For many geometric inequalities, the strategy of inscribing or circumscribing a figure can be useful (recall, for example, Application 1.1, Sections 1.3 and 1.6, and Theorem 2.3). Of all such inscribed or circumscribed figures, the circle plays a central role, and results in a variety of inequalities relating the radius of the circle to numbers associated with the given figure, such as side lengths, perimeter, area, etc.
The triangle is exceptional because every triangle possesses a circle passing through the vertices of the triangle, the circumcircle, whose center is the circumcenter of the triangle, and a circle inside the triangle and tangent to its three sides, the incircle, whose center is the incenter of the triangle.
Inscribing and circumscribing in the Elements of Euclid
Among the thirteen books of the Elements of Euclid (circa 300 BCE), there is one, Book IV, devoted to inscribing and circumscribing figures.
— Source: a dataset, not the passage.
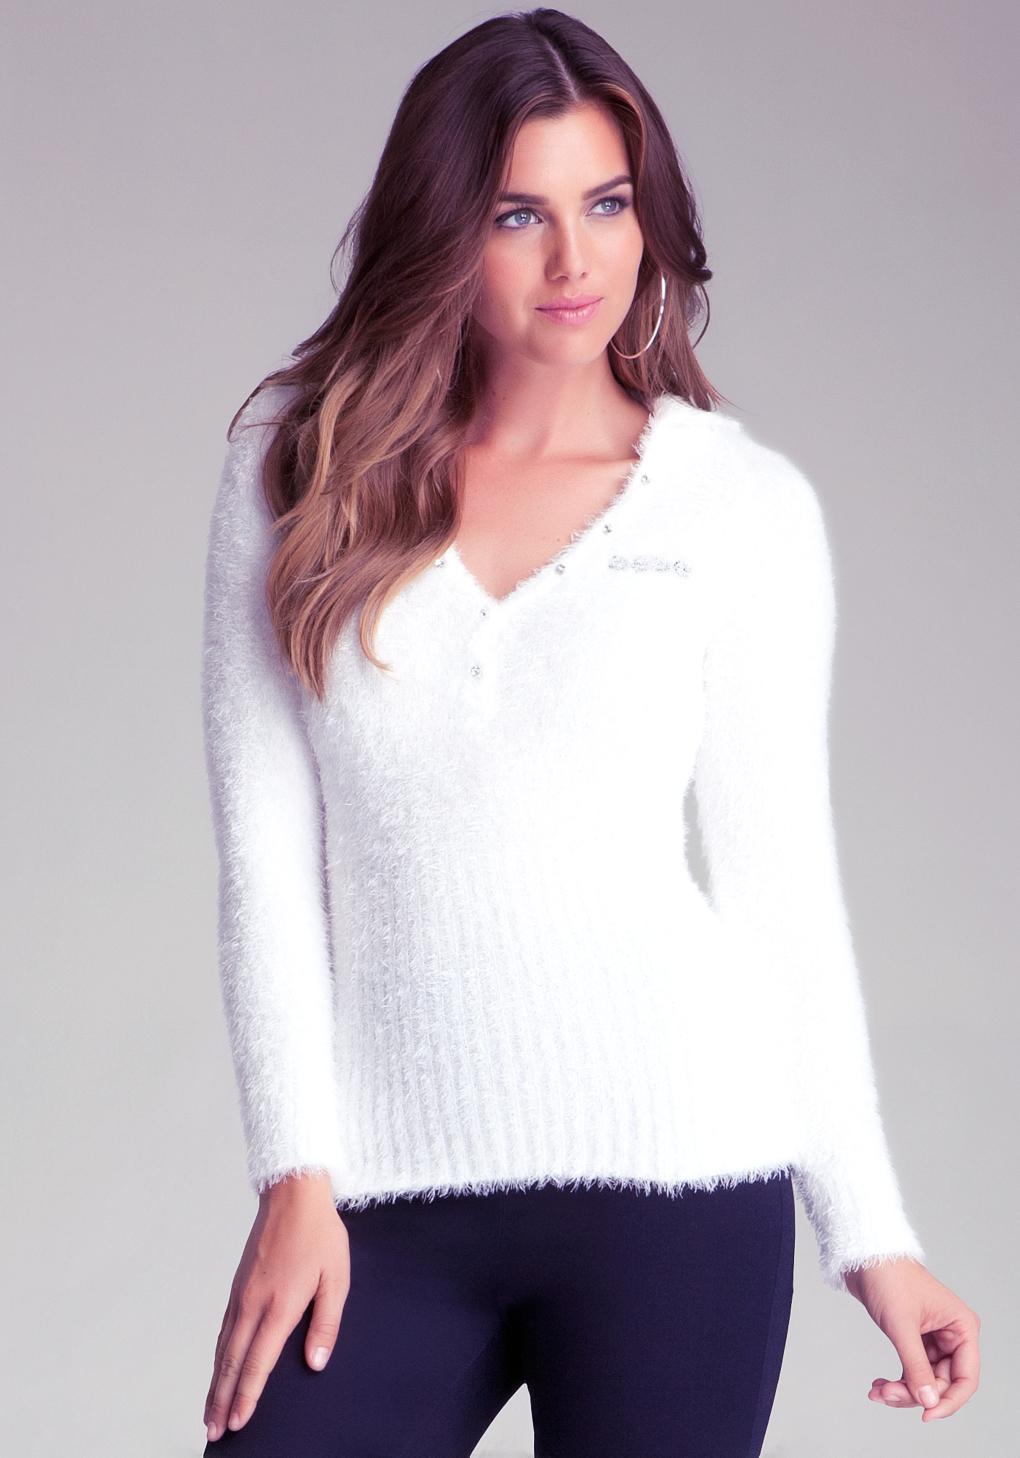 Skull Cardigan Sweater

This book starts with two basic definitions [Joyce]:
Definition 1. A rectilinear figure is said to be inscribed in a rectilinear figure when the respective angles of the inscribed figure lie on the respective sides of that in which it is inscribed.
Definition 2. Similarly a figure is said to be circumscribed about a figure when the respective sides of the circumscribed figure pass through the respective angles of that about which it is circumscribed.
After five complementary definitions, Euclid proves sixteen propositions. Euclid mainly considers problems of inscribing or circumscribing circles about triangles, squares, regular pentagons and hexagons, and regular 15-gons.